Related to this, your solution does not have to protect kvm_dup_memslots 
with the new lock, because the first update of the memslots will not go 
through kvm_arch_prepare_memory_region but it _will_ go through 
install_new_memslots and therefore through the new hook.  But overall I 
think I'd prefer to have a kvm->slots_arch_lock mutex in generic code, 
and place the call to kvm_dup_memslots and 
kvm_arch_prepare_memory_region inside that mutex.

That makes the new lock decently intuitive, and easily documented as 
"Architecture code can use slots_arch_lock if the contents of struct 
kvm_arch_memory_slot needs to be written outside 
kvm_arch_prepare_memory_region.  Unlike slots_lock, slots_arch_lock can 
be taken inside a ``kvm->srcu`` read-side critical section".

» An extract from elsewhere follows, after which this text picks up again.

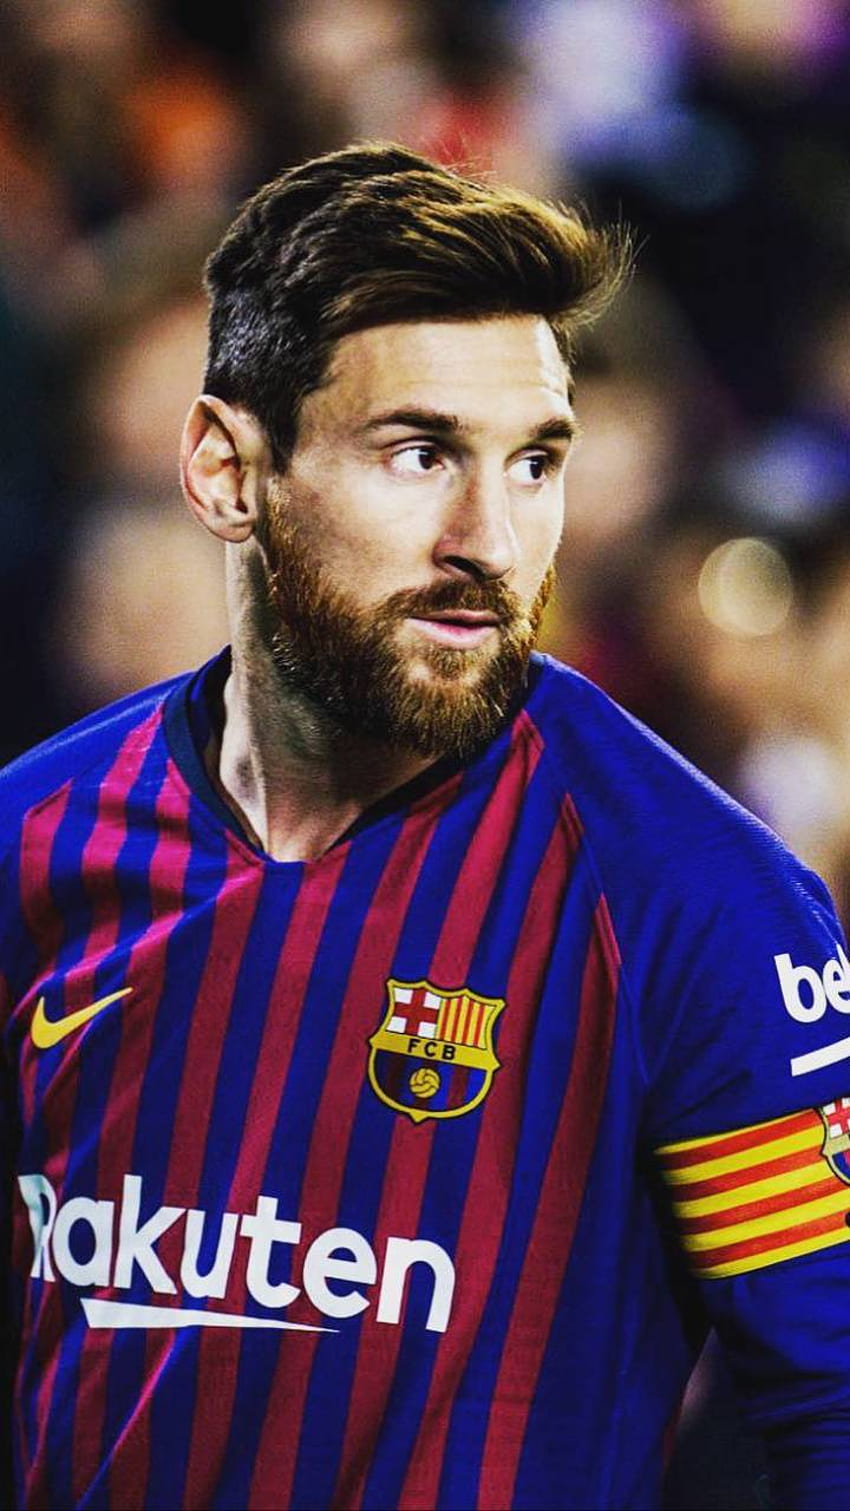 Messi Face: Khám phá nét mặt đầy quyến rũ và sự nghiêm túc của siêu sao bóng đá Lionel Messi qua những hình ảnh tuyệt đẹp này. Hãy ngắm nhìn ánh mắt sắc bén và nụ cười tinh nghịch của anh ta và cảm nhận sự phấn khích.

I admit I haven't thought about it very thoroughly, but if something 
like this is enough, it is relatively pretty:

diff --git a/virt/kvm/kvm_main.c b/virt/kvm/kvm_main.c
index 9b8e30dd5b9b..6e5106365597 100644
--- a/virt/kvm/kvm_main.c
+++ b/virt/kvm/kvm_main.c
@@ -1333,6 +1333,7 @@ static struct kvm_memslots 
*install_new_memslots(struct kvm *kvm,

  	rcu_assign_pointer(kvm->memslots[as_id], slots);

+	mutex_unlock(&kvm->slots_arch_lock);
  	synchronize_srcu_expedited(&kvm->srcu);

  	/*
@@ -1399,6 +1398,7 @@ static int kvm_set_memslot(struct kvm *kvm,
  	struct kvm_memslots *slots;
  	int r;

+	mutex_lock(&kvm->slots_arch_lock);
  	slots = kvm_dup_memslots(__kvm_memslots(kvm, as_id), change);
  	if (!slots)
  		return -ENOMEM;
@@ -1427,6 +1427,7 @@ static int kvm_set_memslot(struct kvm *kvm,
  		 *	- kvm_is_visible_gfn (mmu_check_root)
  		 */
  		kvm_arch_flush_shadow_memslot(kvm, slot);
+		mutex_lock(&kvm->slots_arch_lock);
  	}

  	r = kvm_arch_prepare_memory_region(kvm, new, mem, change);

It does make the critical section a bit larger, so that the 
initialization of the shadow page (which is in KVM_RUN context) contends 
with slightly more code than necessary.  However it's all but a 
performance critical situation, as it will only happen just once per VM.

WDYT?

Paolo

> Putting the assignment under the lock prevents 5-8 from happening
> between 2 and 10.
> 
> I'm open to other ideas as far as how to prevent this race though. I
> admit this solution is not the most elegant looking.